I got upset recently, once again. Arguments within group are good in some ways like building a better understanding relationship, developing a better assignment and so forth. Perhaps, I'm not well in neither persuading nor negotiating with others. Yet, I knew the expectation of the authority according to the past experiences. How am I suppose to persuade? I am also clear about how the group works. Group members have to decide on which style of group controlling they prefer. Most of the groups would choose democracy as their preference. It means that when majority say A, then A will be the final decision, regardless of the consequences. All of the group members will have to bear with it. In case that you do not understand my explanation, lets use the example in NS. When one of the wirawati(s) had stolen money from another wirawati, all of the wirawati(s) will be punished if there is no one admitting to the crime. It's all about team co-operation. Work as team, gain the result as team. There is another issue which get me into confusion. Before discuss on this, I must apologize if I had misunderstood someone. It was a group work. Our final report has to be in APA format and the content must be summarized or paraphrased from the original resources. I'm not sure if APA format is taught during the foundation year in the university. The alternative options of getting know APA format is to retrieve from web learning sites, library, and text books. When doing research, we need to put some effort on doing some reading and searching on information. 'Copy and Paste' is considered as plagiarism in education level of university. APA style should include in-text citation and reference list. There is a compulsory oral presentation after the submition of our report. Therefore, it is very important to understand the content of the report.

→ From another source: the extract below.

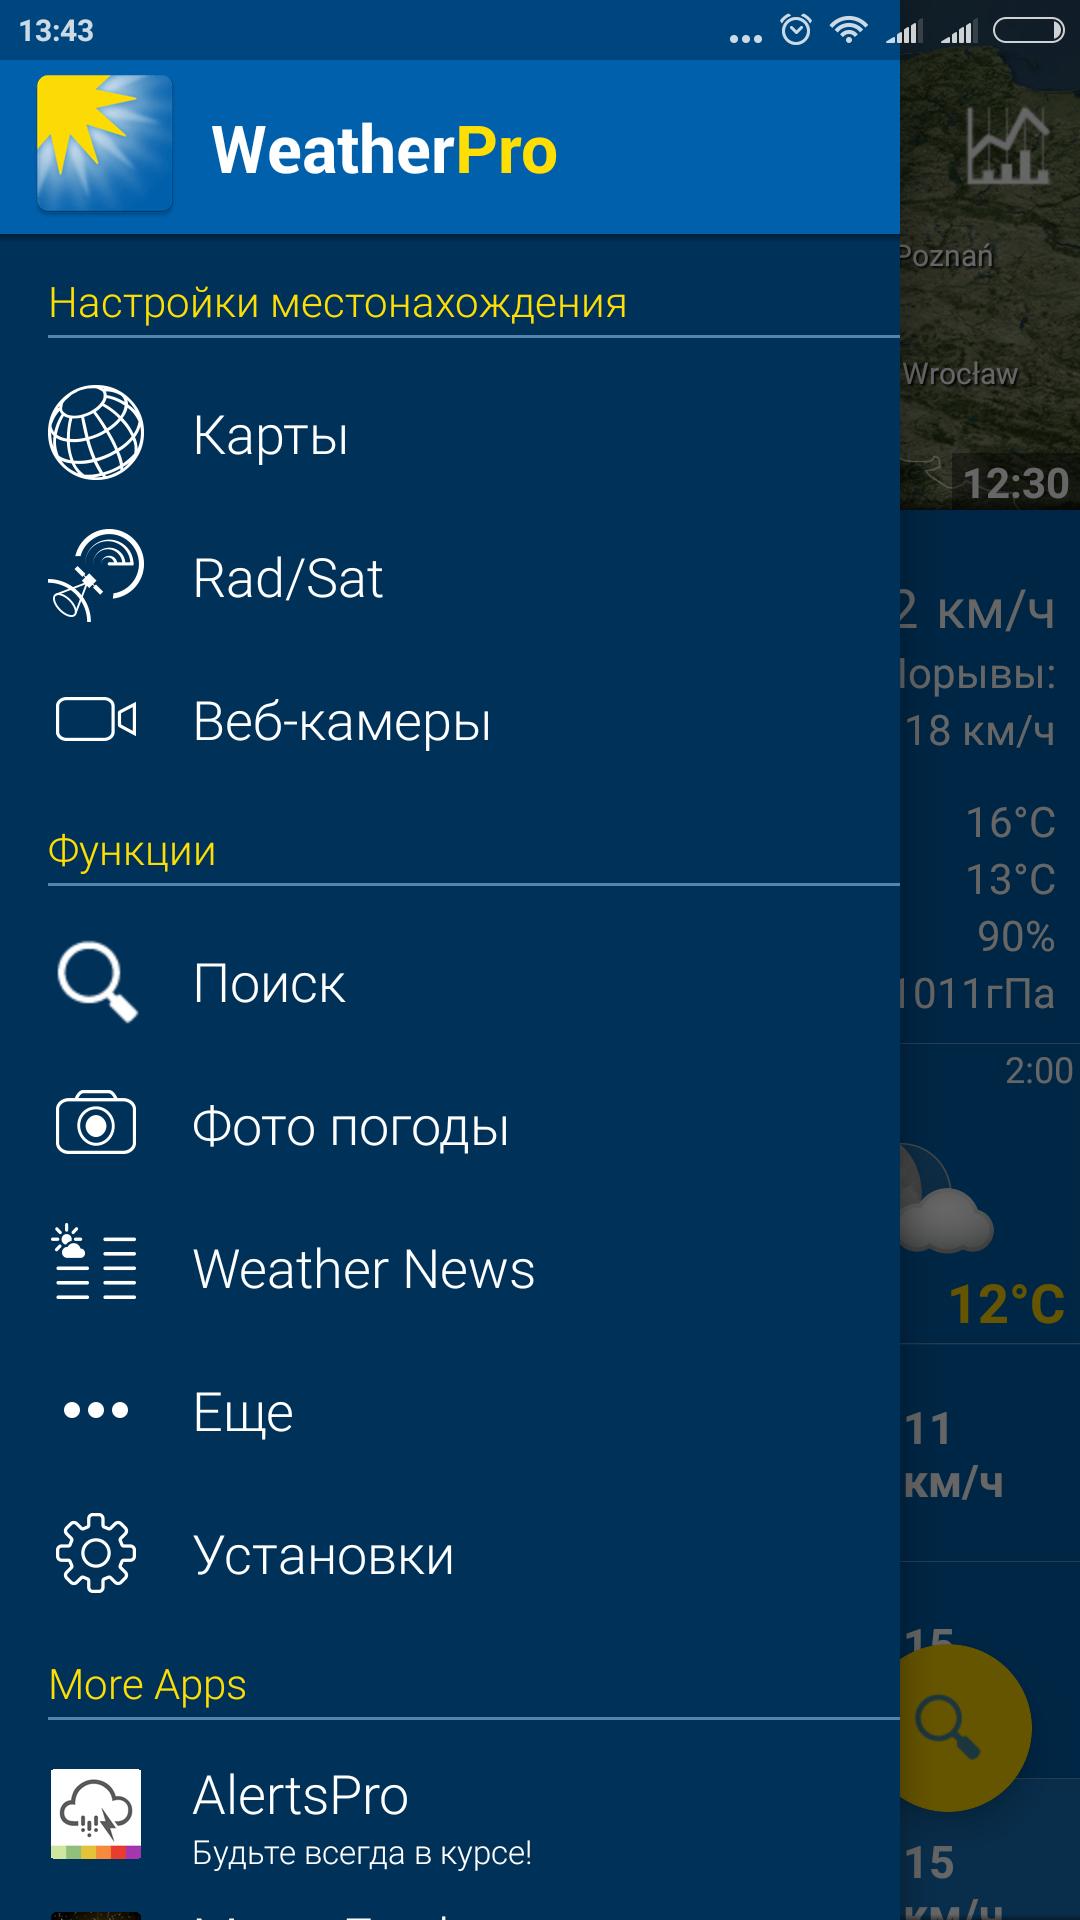 Скачать приложение погоды на андроид

If we, ourselves, do not understand the content, how should we expect our audience to understand as well? Since I am doing the editing job, I need to do some checking on the original resources. It shocked me! The content from the original resources and from your .doc file is exactly the same. I wonder why. Don't I make my point clear? I do not wish to make a scene as you are still having others assignment to work on. But, I do hope that we could discuss about this after all the assignment were done.

I knew the effects of taking medicine. I rather eat healthier than taking medicine. At least. i am awake to work on our assignment. I really wish to achieve excellent grade in most of our assignment, even though it worths only 20-30 marks. Yet, it means a lot for me. I had a commitment. I keep on wondering HOW at time. "There are numbers of options available, but it is not for everyone. You have to choose among the options that are available for you." Quoted from my best friend, Han Yi.  Some of the options, we could not afford, although we are qualified; And some others options, we could afford, but the pathway is tougher than usual. Once you have chosen your way, try your best to work on it. There might be obstacles in future, but need not to afraid. Recognize our goals, keep moving!

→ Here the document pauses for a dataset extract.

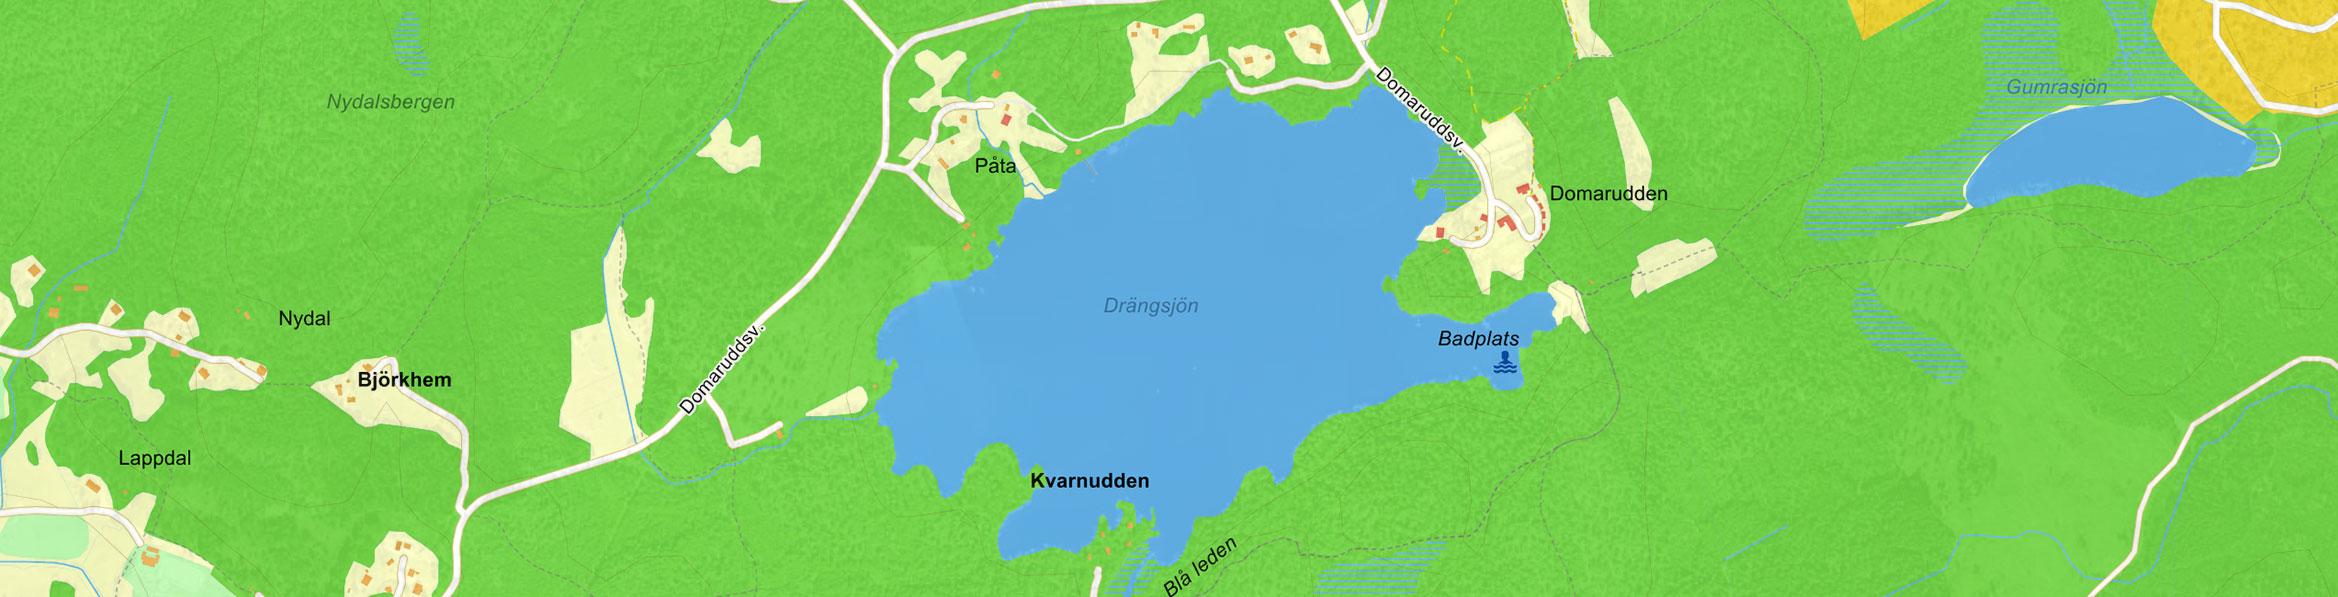 Domaruddsvägen 70, 184 91 Åkersberga, Sverige

During this 3 years, I learned. My life goes from top of the hills and to deep down to the valley, repeatedly. I realized that life is always in that way, up and down. You might feel vulnerable at this moment. And it is very deep in the black hole. Times when you do know about your future or times when you about to/has already been give up. It won't be in this way for the rest of your life. There is no time frames of your recovery as it is difference between us. Just be patient. You'll be cured.

Frankly, I learned from the negative side more than postive during my study in THE university. Well, anyway, it is a way of learning too. This is the option that I can afford.